In un pomeriggio estivo sono stato sommerso da una marea di acquerelli. Per evitare il naufragio ne ho scelto uno come una tavola a cui aggrapparsi. L’ho guardato da vicino: cinque forme colorate circondano una piccola casa.
Ad una più attenta osservazione la forma più scura, in alto, è un cielo azzurro scuro. Una linea orizzontale la divide da una più chiara (un lago? un braccio di mare?). Le altre tre, declinanti dall’ocra al bruno, alludono a colline, altopiani affacciati sull’acqua e isole. Così aria, acqua e terra si ordinano in un rettangolo di bordi sfrangiati.

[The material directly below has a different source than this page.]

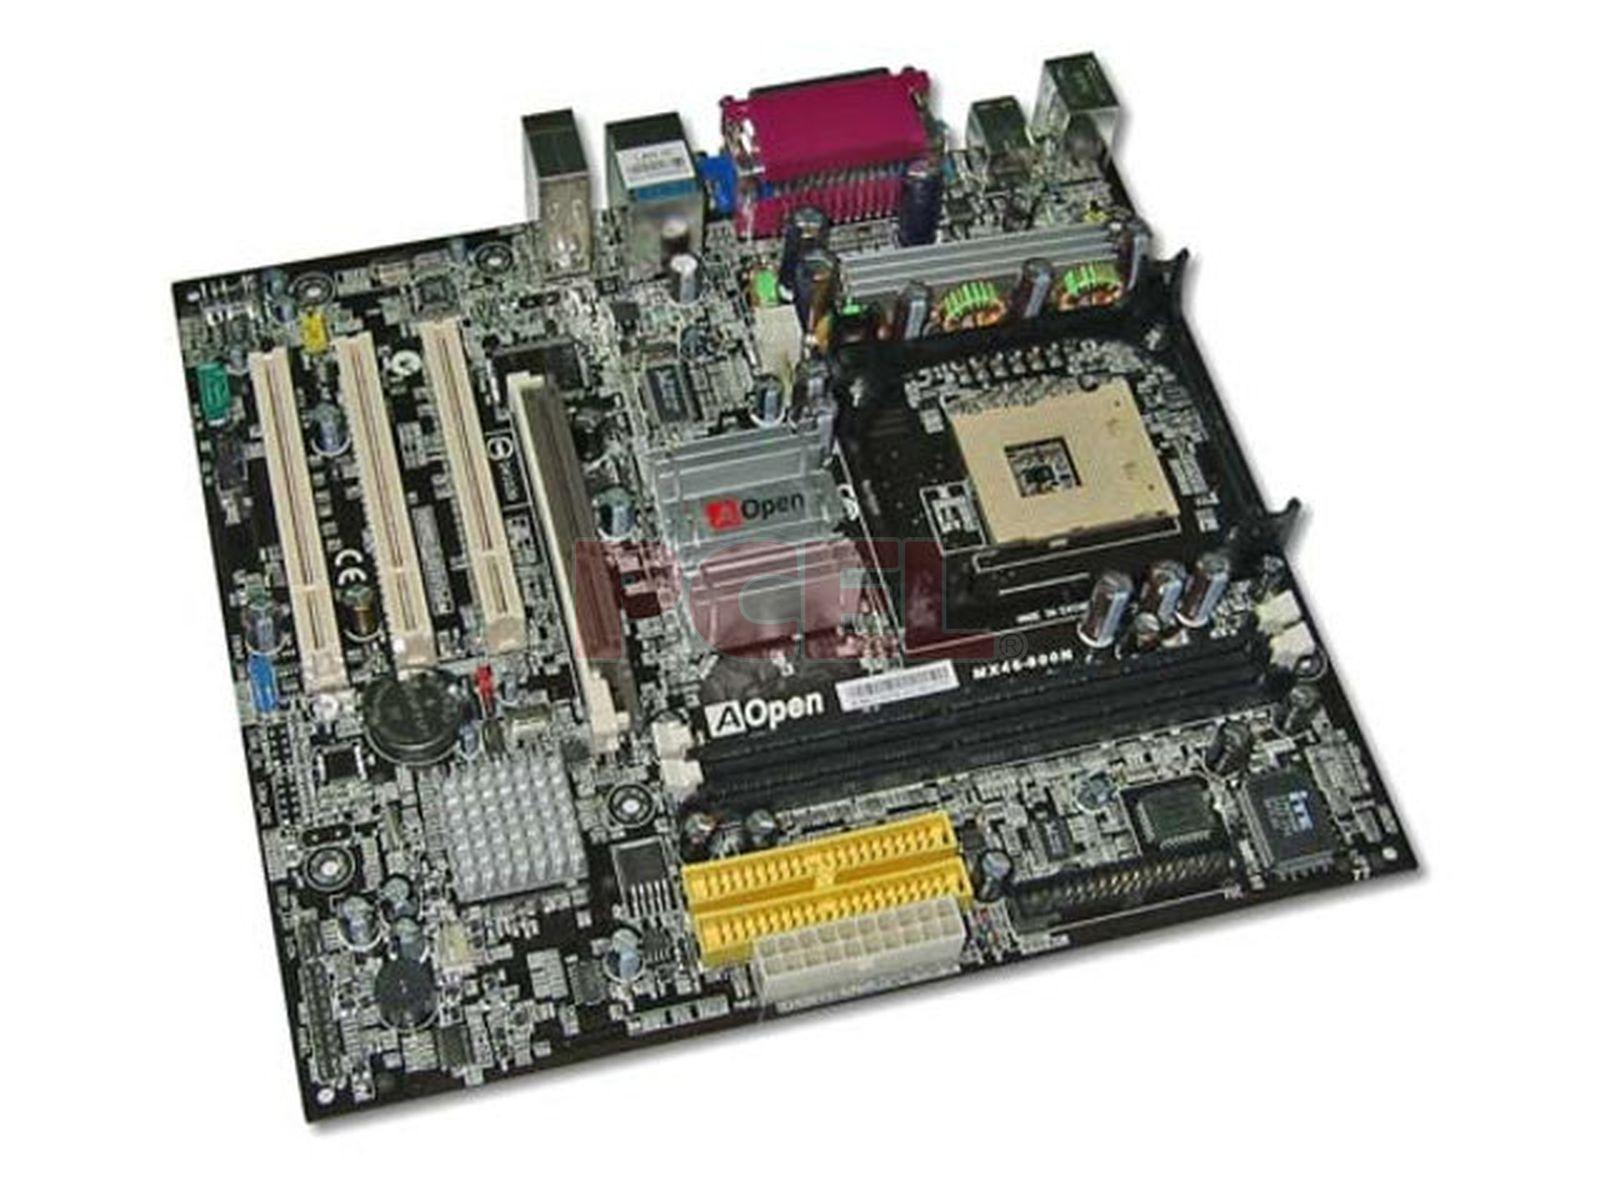 AOPEN MX46-800N LAN WINDOWS 10 DOWNLOAD DRIVER
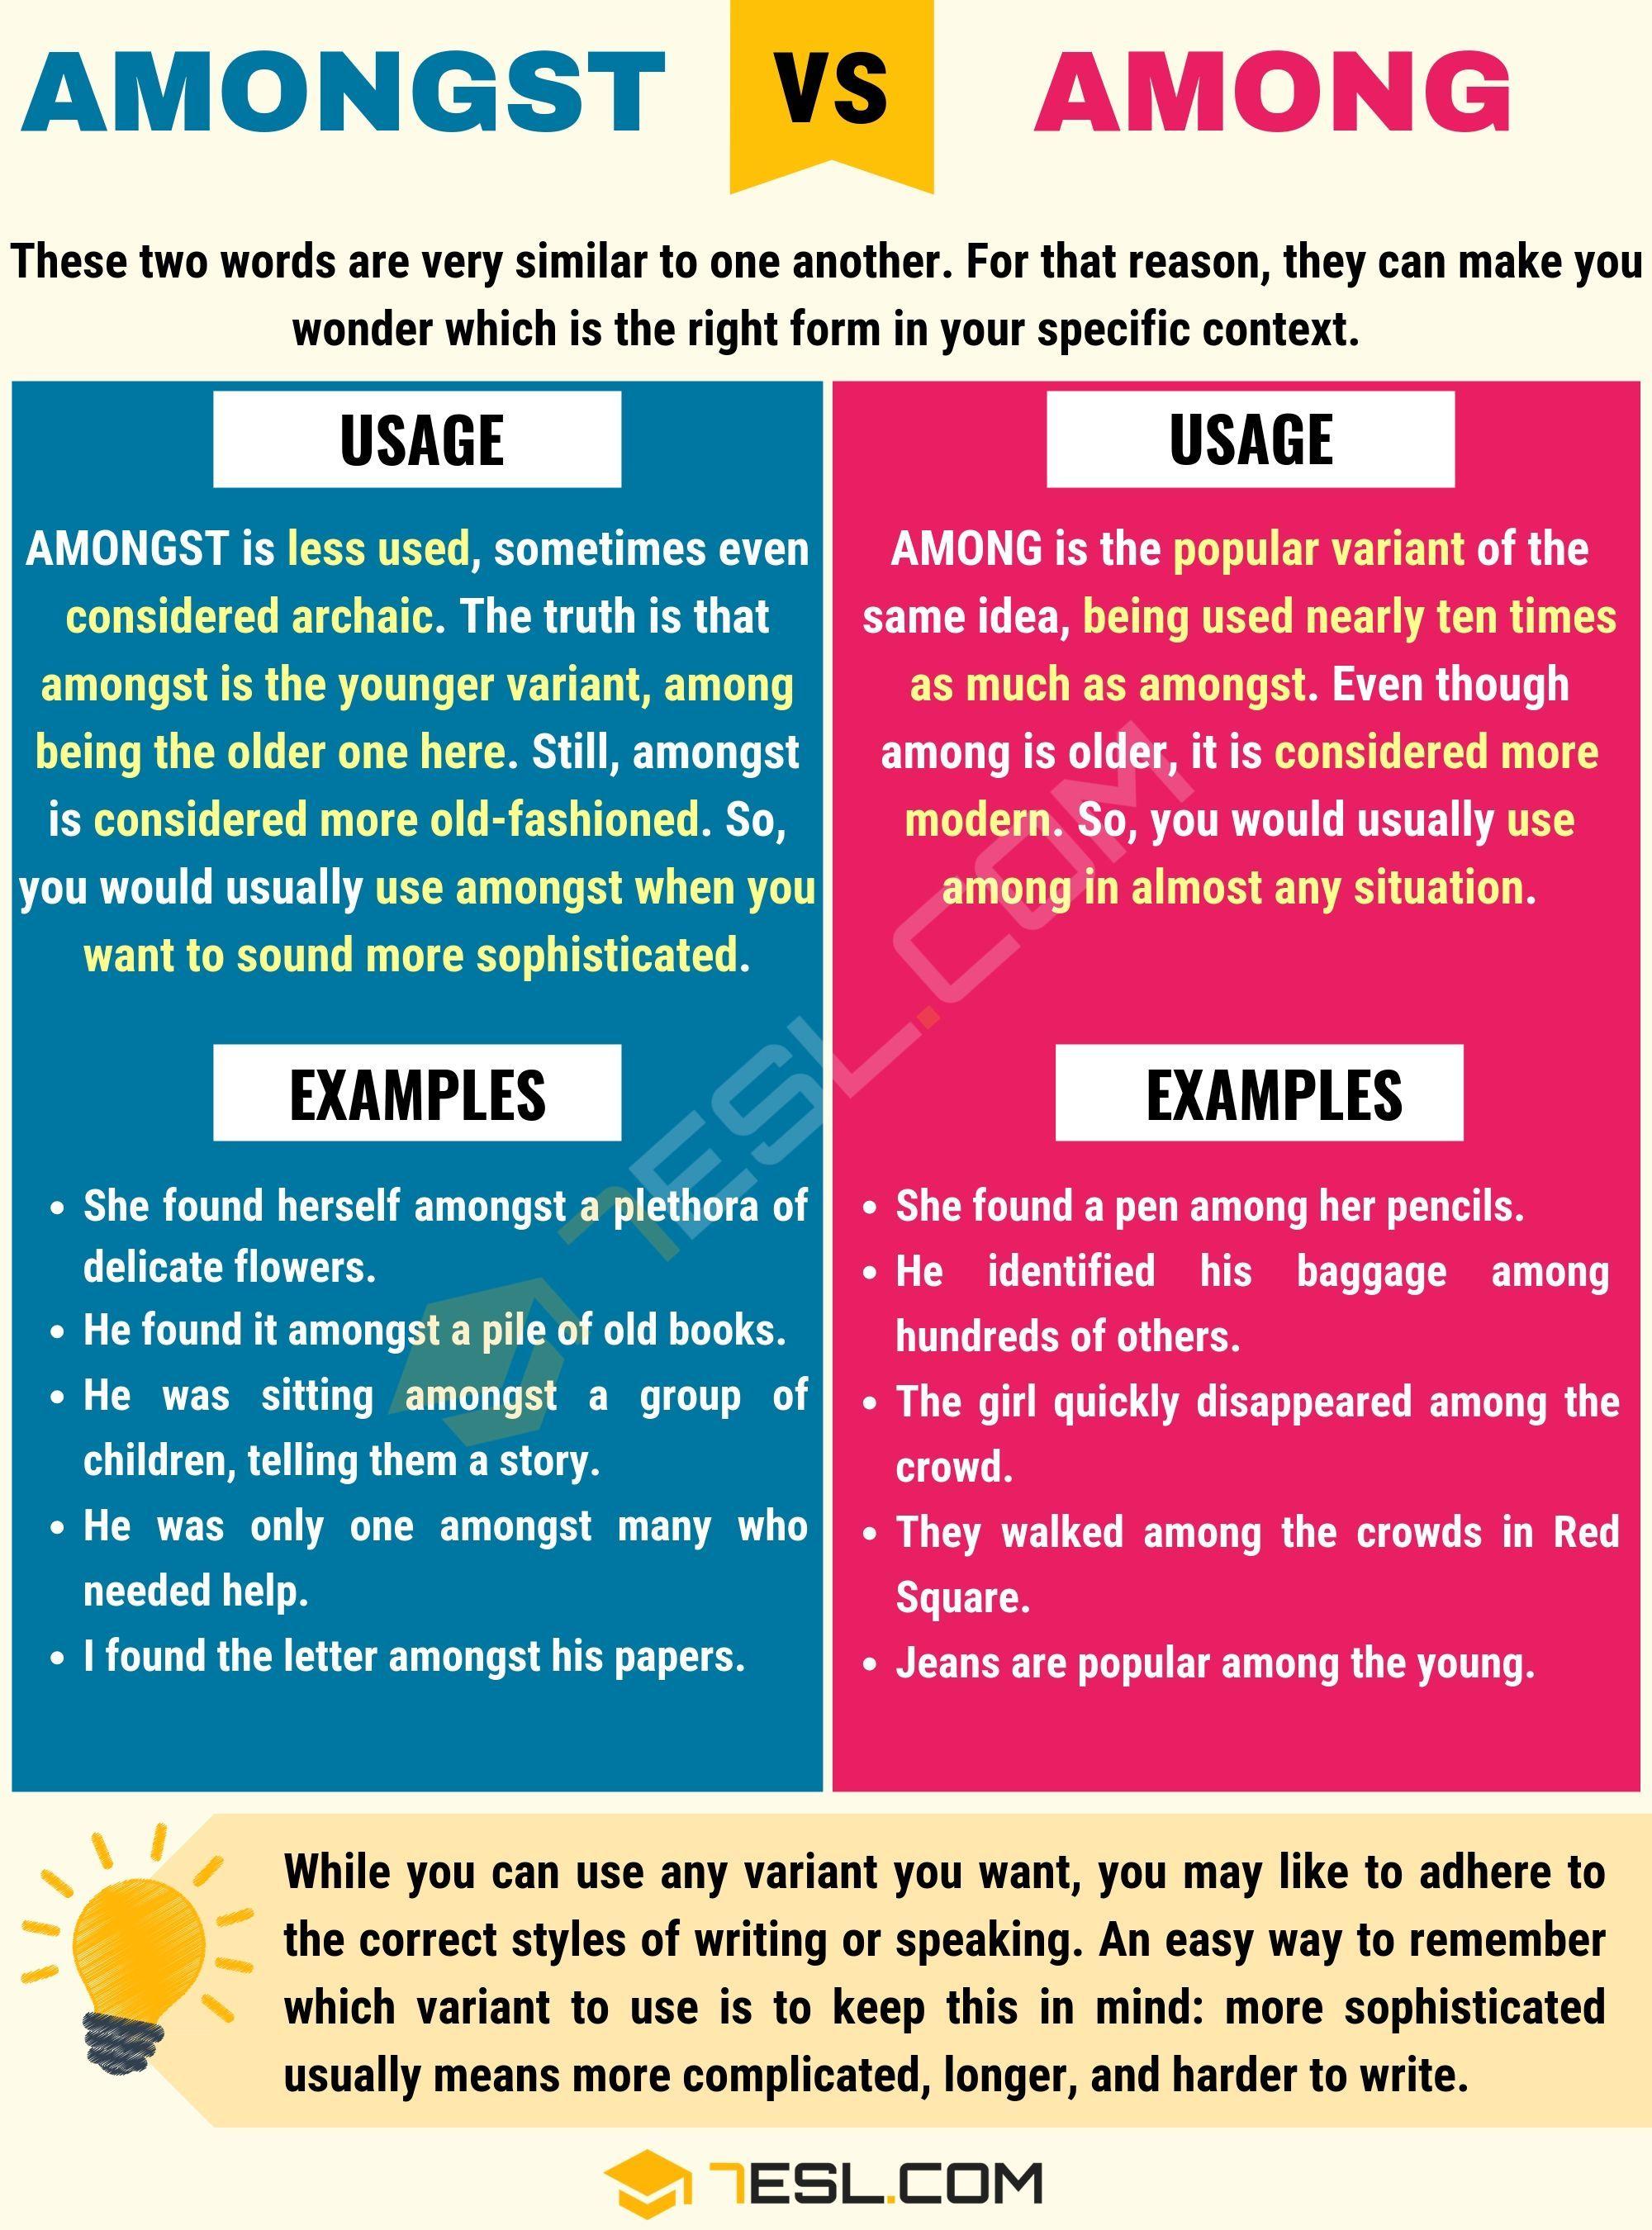 Among Vs Amongst How To Use Amongst Vs Among Correctly

Facendo attenzione si scoprono linee nere che affiniscono i confini. Analoghe linee costruiscono una piccola casa col tetto a capanna articolata in due corpi: una casa madre e una casa figlia, in una sorta di maternità rustica.
La casa ha pareti, porta, finestre, tetto. La casa sta sulla terra e sotto il cielo. Il cielo scuro è minaccioso (alcuni uccelli svolazzano forieri di presagi funesti) ma la casa se ne sta coraggiosamente raccolta a difendere i suoi abitatori.
E’ un’architettura elementare, ma ciò che la rende solida e rassicurante è la sua normalità. Credo che Mauro Andreini aspiri alla normalità: le sue costruzioni ce ne danno la certezza forse ancor più che i suoi tanti acquerelli tesi ad indagare tutte le possibili combinazioni e variazioni di corpi regolari, figure semplici, parole familiari.
Come diceva un poeta “noi siamo qui per dire poche parole….”

A volte nel deserto cartaceo (le pubblicazioni d’architettura) che mi circonda, vedo affiorare qualche traccia amica.
Allora mi prende un gran senso di gratitudine e uno strano sentimento di felicità. E’ quello che mi è successo guardando questi acquerelli.